DATASET CONTENT:

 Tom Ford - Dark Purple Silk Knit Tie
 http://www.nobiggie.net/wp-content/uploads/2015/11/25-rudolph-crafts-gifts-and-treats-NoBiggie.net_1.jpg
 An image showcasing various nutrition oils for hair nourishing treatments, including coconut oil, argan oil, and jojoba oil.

* * *

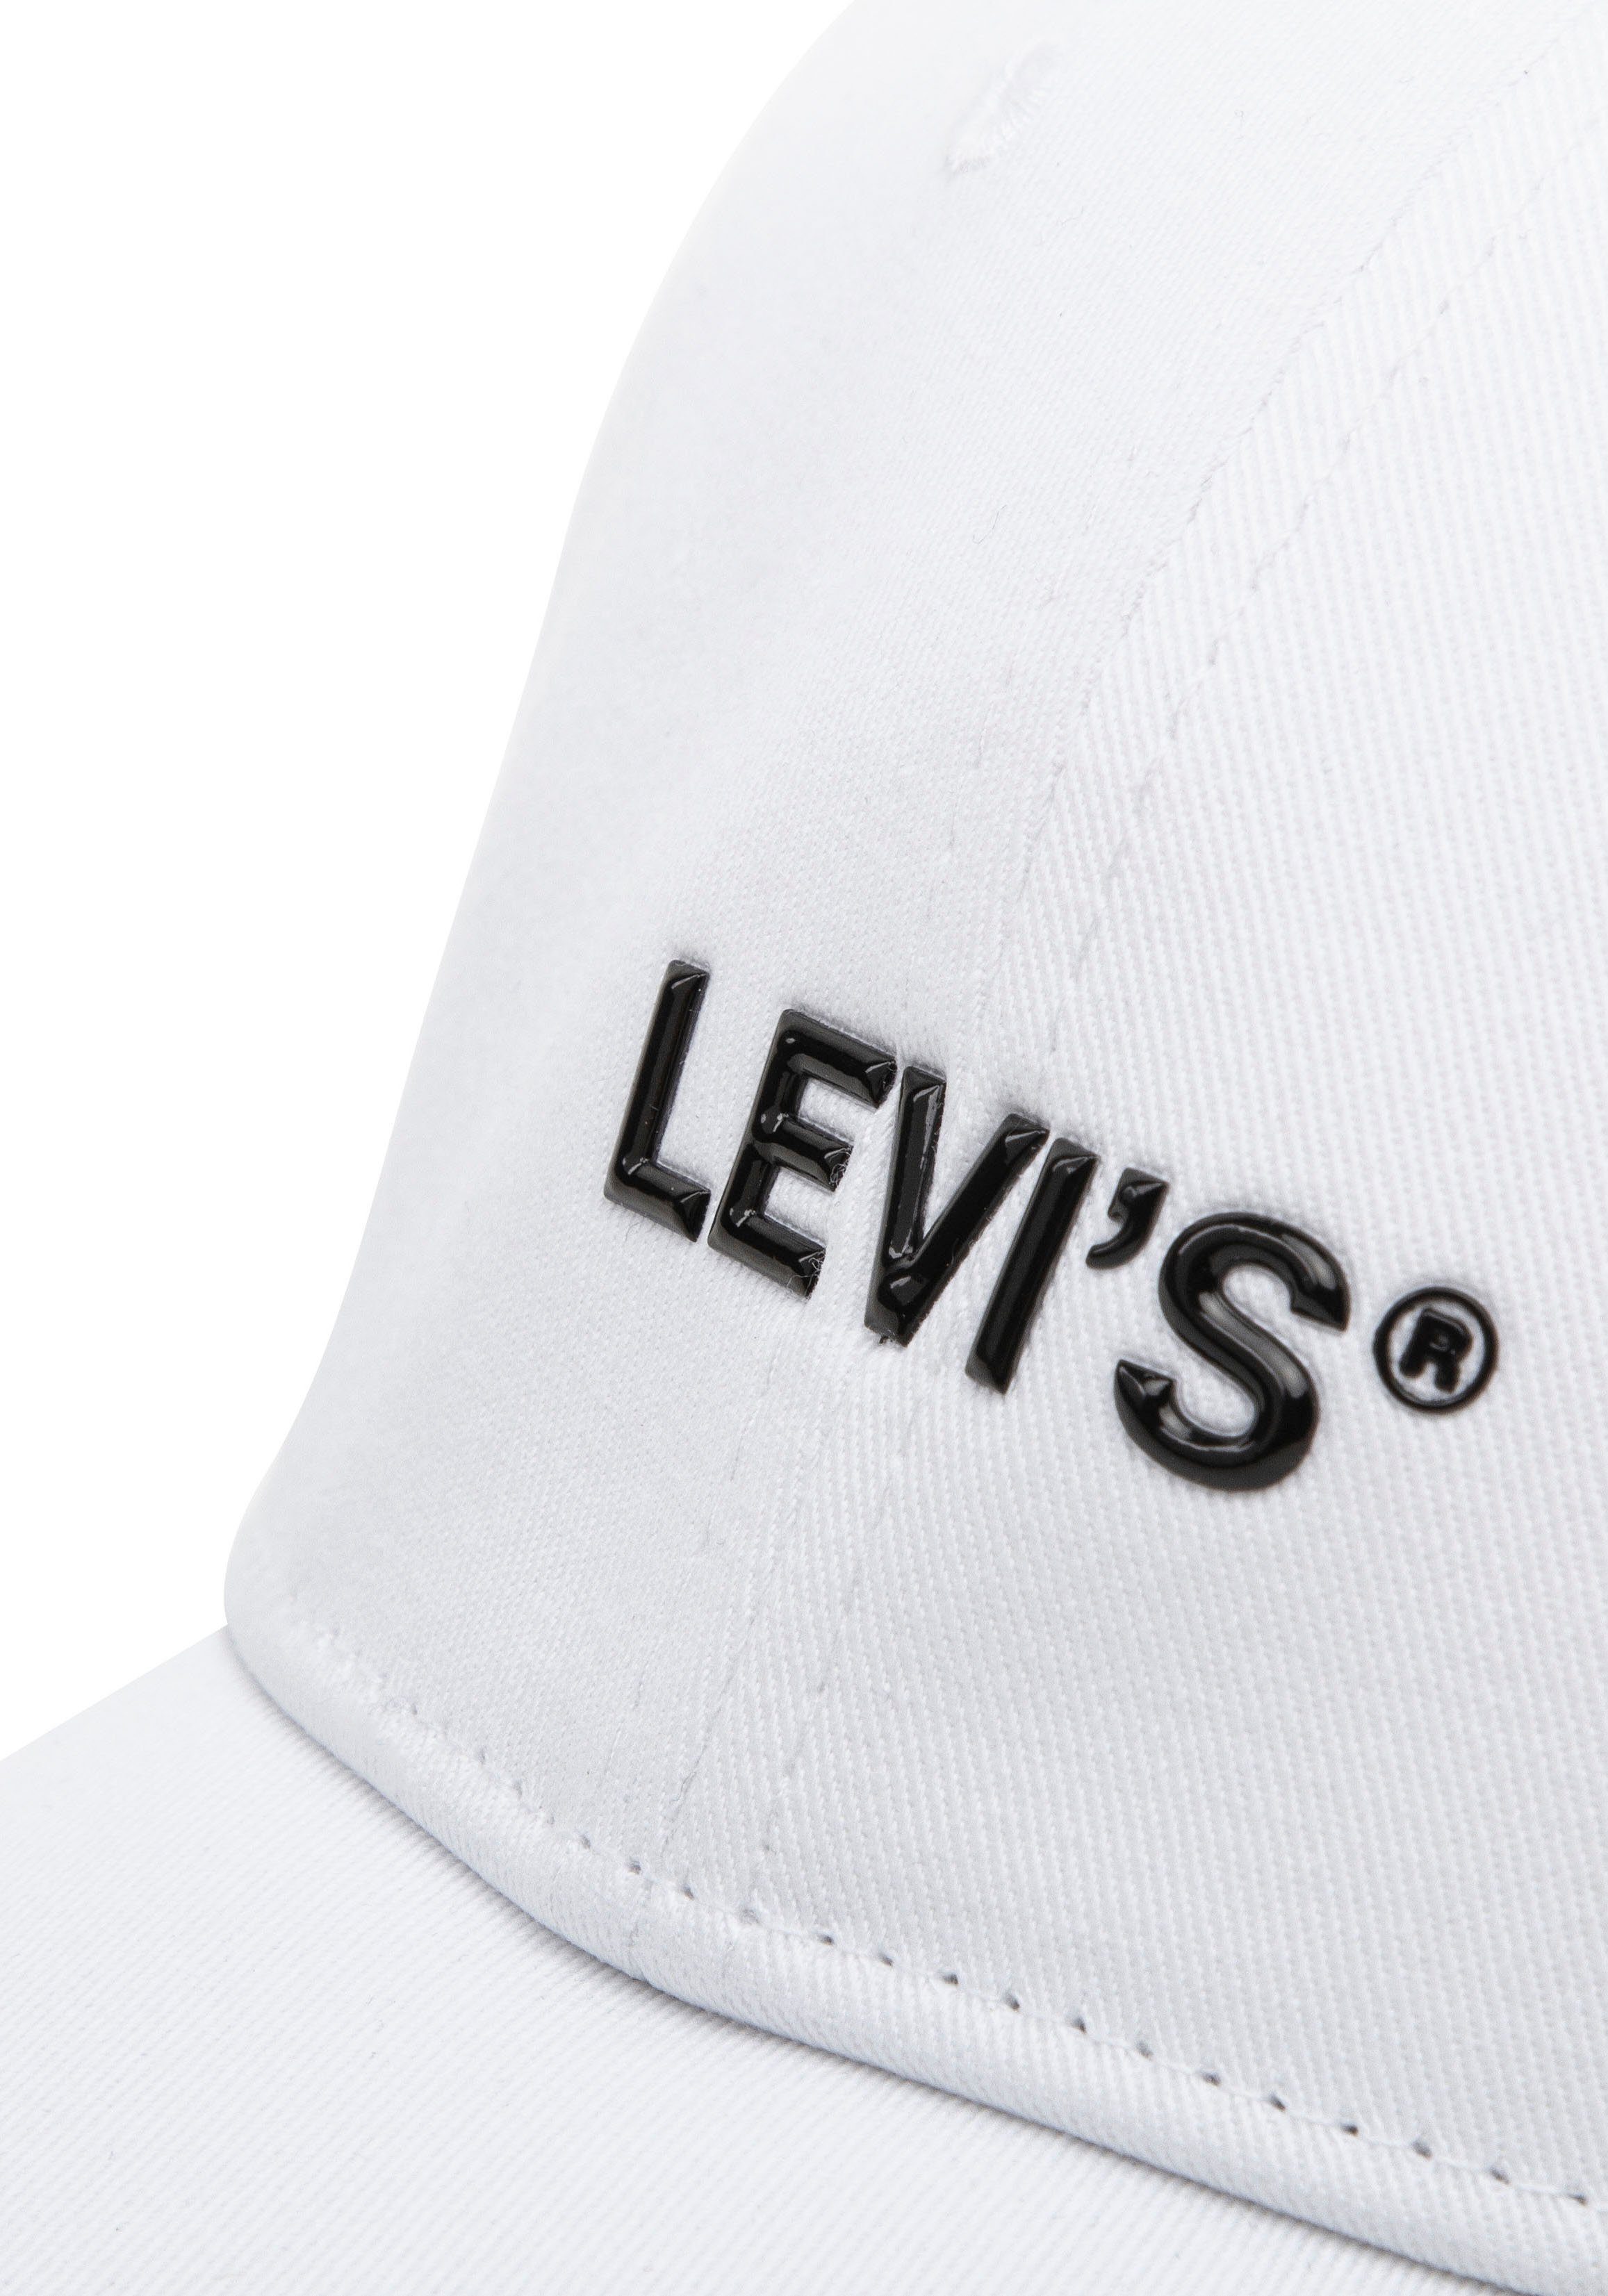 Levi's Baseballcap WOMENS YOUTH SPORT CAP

TASK STATEMENT: Reproduce exactly, and only, the part of the listing above that begins at the line with "Tom Ford - Dark Purple Silk Knit Tie" and goes on through the line with "An image showcasing".

ANSWER SECTION:
 Tom Ford - Dark Purple Silk Knit Tie
 http://www.nobiggie.net/wp-content/uploads/2015/11/25-rudolph-crafts-gifts-and-treats-NoBiggie.net_1.jpg
 An image showcasing various nutrition oils for hair nourishing treatments, including coconut oil, argan oil, and jojoba oil.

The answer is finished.